The crackdown on credit card purchases has become widespread after Bitcoin started its downward descent after its December 2017 highs. Bitcoin has dropped by more than 50 percent in January and is now trading below $8,000 for the first time since November 2017. Many crypto analysts believe that the drop in cryptocurrency values was caused by regulatory threats around the world and Facebook’s recent ban on the cryptocurrency and initial coin offering advertisements.

Because of the sharp decline in Bitcoin value, lenders such as Citigroup, JPMorgan, and BoFA are afraid that people who are looking to profit on Bitcoin with their credit card purchases may soon find themselves in a position where they are unable to pay their debts with the current prices Bitcoin is showing.

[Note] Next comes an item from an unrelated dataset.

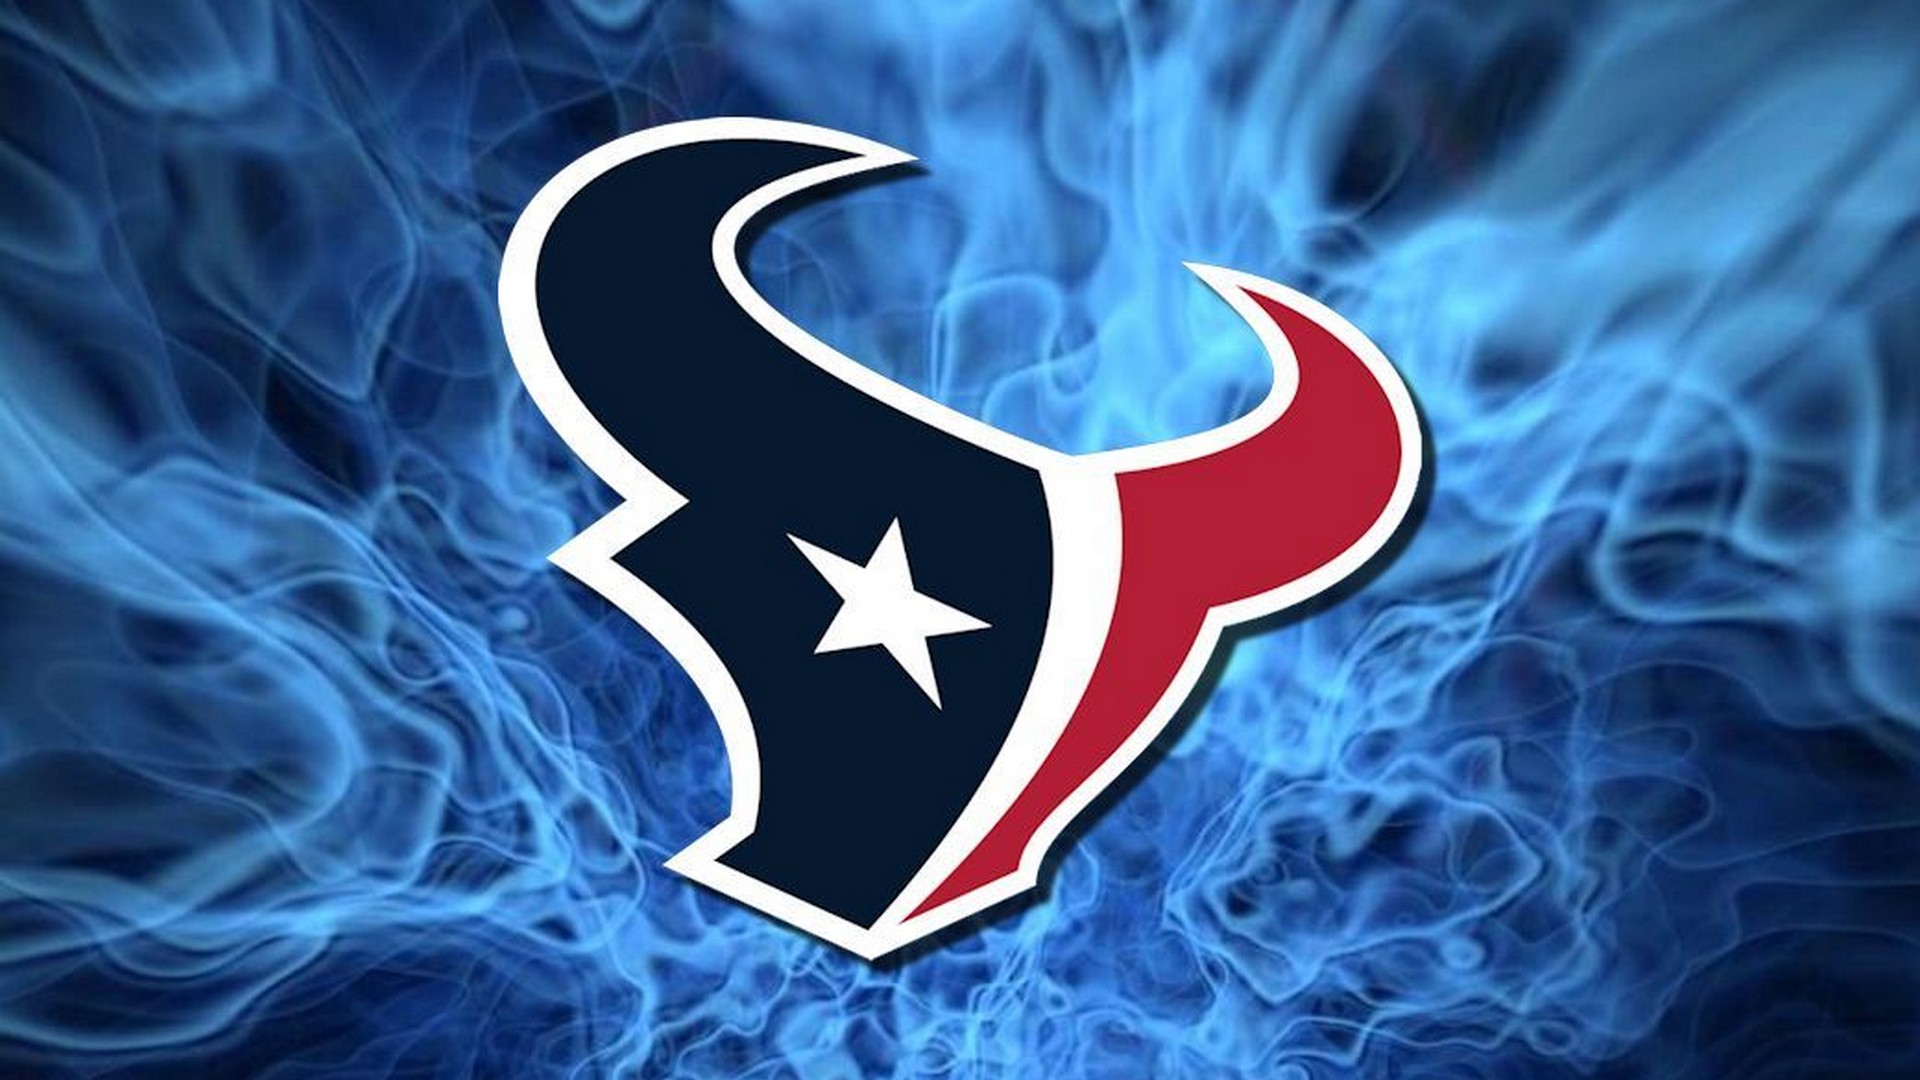 Houston Texans NFL For PC Wallpaper with resolution 1920x1080 pixel. You can make this wallpaper for your Mac or Windows Desktop Background, iPhone, Android or Tablet and another Smartphone device
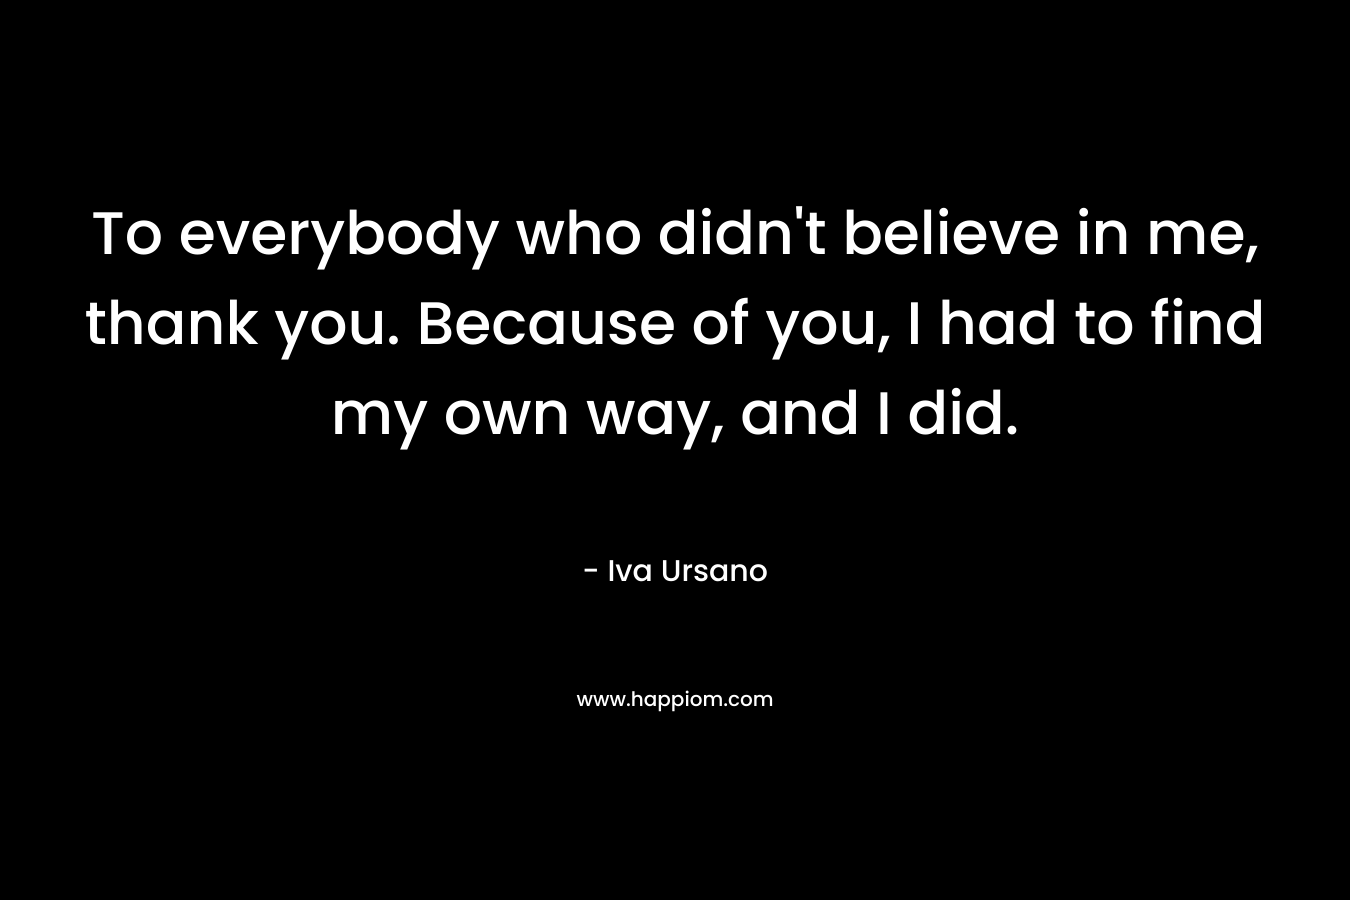 To everybody who didn’t believe in me, thank you. Because of you, I had to find my own way, and I did. – Iva Ursano

According to the Federal Reserve, there was a sharp rise in credit levels during November 2017. While many attributed the rise to holiday spending, there have been theories that a chunk of these credit purchases may be crypto purchases as this was the time period when Bitcoin’s price was at record highs. Mastercard also revealed that customer spending abroad has risen 22 percent this year, which was partly fuelled by digital currency purchases. Mastercard noted that as crypto prices fell, so did the overseas spending.

Add to that the data from Seeking Alpha that credit card delinquencies have been surging, where delinquencies across smaller banks have reached its highest since the financial crisis at 5.34 percent. Credit card delinquencies across all commercial banks also rose to 2.53 percent and credit card losses from the four major US banks BoFA, Citigroup, JPMorgan, and Wells Fargo surged to 20 percent.

Some believe that many of these delinquencies come from crypto players who racked up on crypto purchases during Bitcoin’s prime in November-December 2017, failed to cash out in the early days of the drop, and are now caught in the Bitcoin crash.